In the second example in recent months of a Medicare Advantage
insurer disputing the federal government’s method of identifying overpayments,
a new HHS Office of Inspector General audit report limited its review to a
group of diagnosis codes that it maintained are at a particular risk for being
miscoded.
Conducted separately from CMS's contract-level Risk Adjustment
Data Validation (RADV) audits that verify the accuracy of payments made to MA
organizations, the recent findings are part of a series of audits in which OIG
is reviewing the accuracy of diagnosis codes submitted to CMS. In a similar
report released in April, OIG estimated that Humana Inc. received nearly $200
million in net overpayments for a contract serving approximately 485,000
enrollees.
In the May report, OIG recommended that Anthem repay the federal
government $3.47 million for net overpayments related to a group of
"high-risk" diagnosis codes, referring to certain disease categories
that are prone to miscoding. OIG identified seven disease groups that have an
elevated risk of being miscoded: acute stroke, acute heart attack, acute stroke
and acute heart attack combination, embolism, vascular claudication, major
depressive disorder, and potentially "mis-keyed" diagnosis codes.
OIG suggested that these coding inaccuracies were due to
Anthem's inadequate procedures to detect and correct noncompliance. In a
statement emailed to AIS Health, Anthem maintained that it complied with MA
regulations when submitting the diagnosis codes in question and pointed out that
OIG "did not identify any specific deficiencies in our programs through
its audit."
Kirk Martindale, vice president of the data audit group within
ATTAC Consulting Group, says it is imperative that MA plan sponsors have robust
medical record review and audit procedures in place, particularly around those
high-risk diagnosis code groups, to ensure that the codes they submit to CMS
are accurate and can be backed by medical record documentation.

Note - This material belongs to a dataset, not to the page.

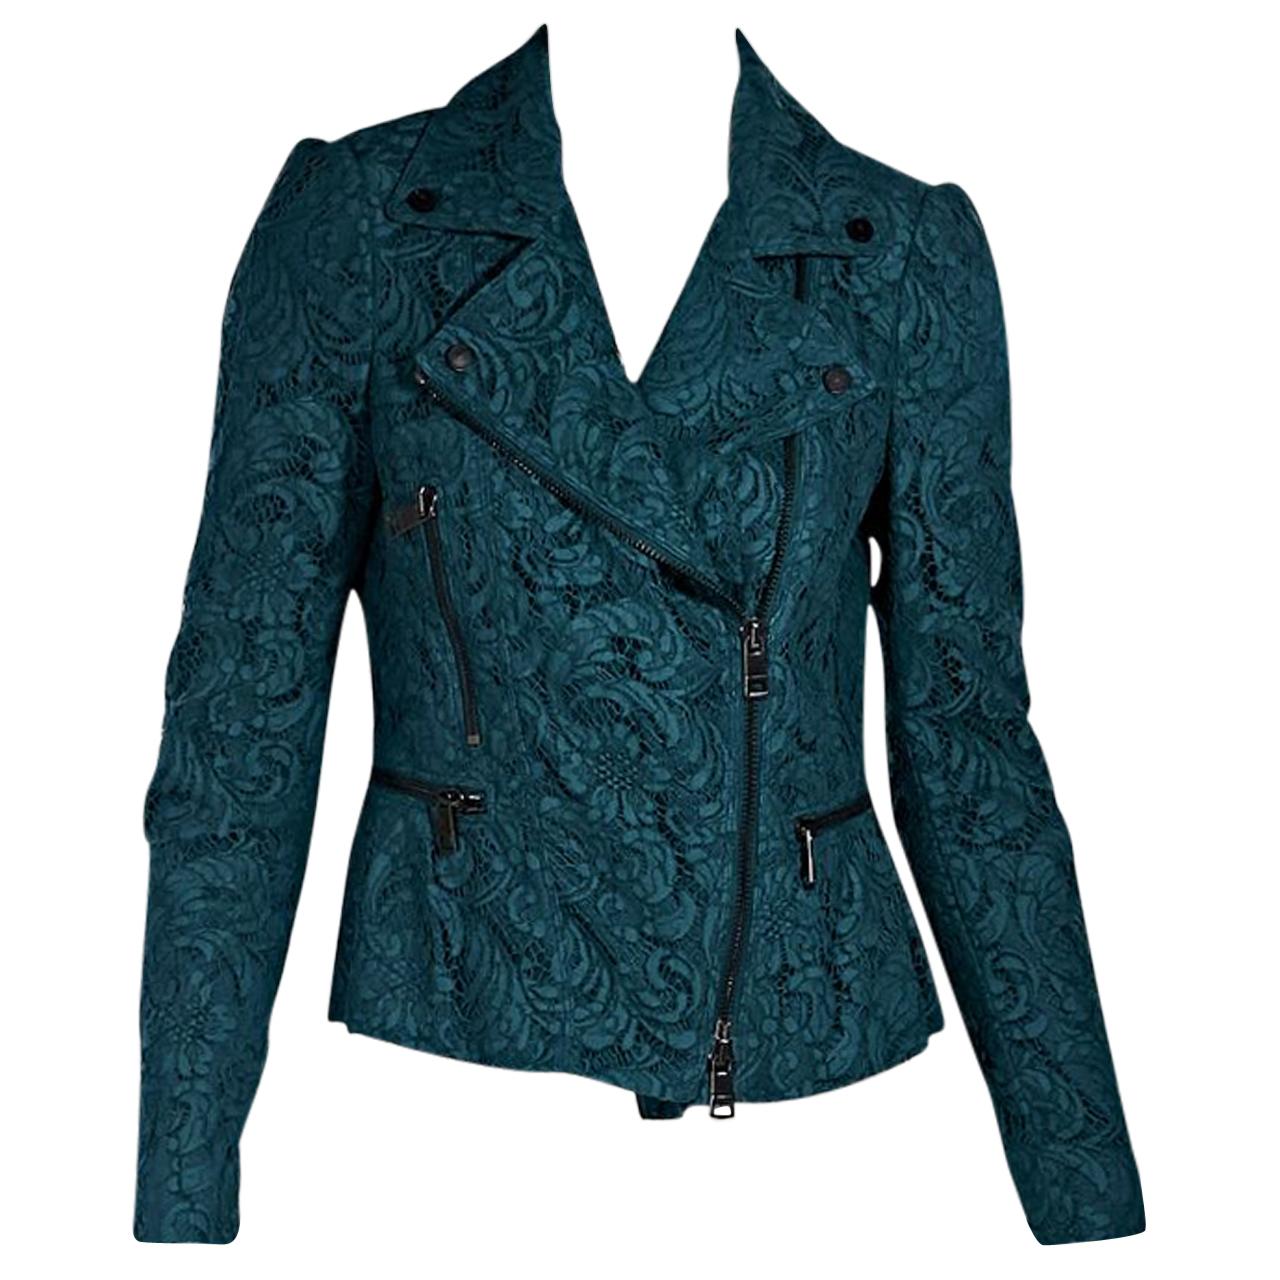 Teal Burberry London Lace Moto Jacket

Similar to Humana, Anthem did not agree with OIG's findings and
recommendations. Among its gripes, the insurer argued that the report: included
inaccurate findings specific for major depressive disorder and embolism, relied
on "sampling and review methodologies that are improperly skewed toward
identifying 'overpayments,'" and used a lower confidence interval that is
not as statistically sound as the higher interval used by CMS in its RADV
audits.
OIG, however, disputed Anthem's characterization of its net
overpayment calculations as skewed and biased and maintained that it used a
statistically valid sampling methodology.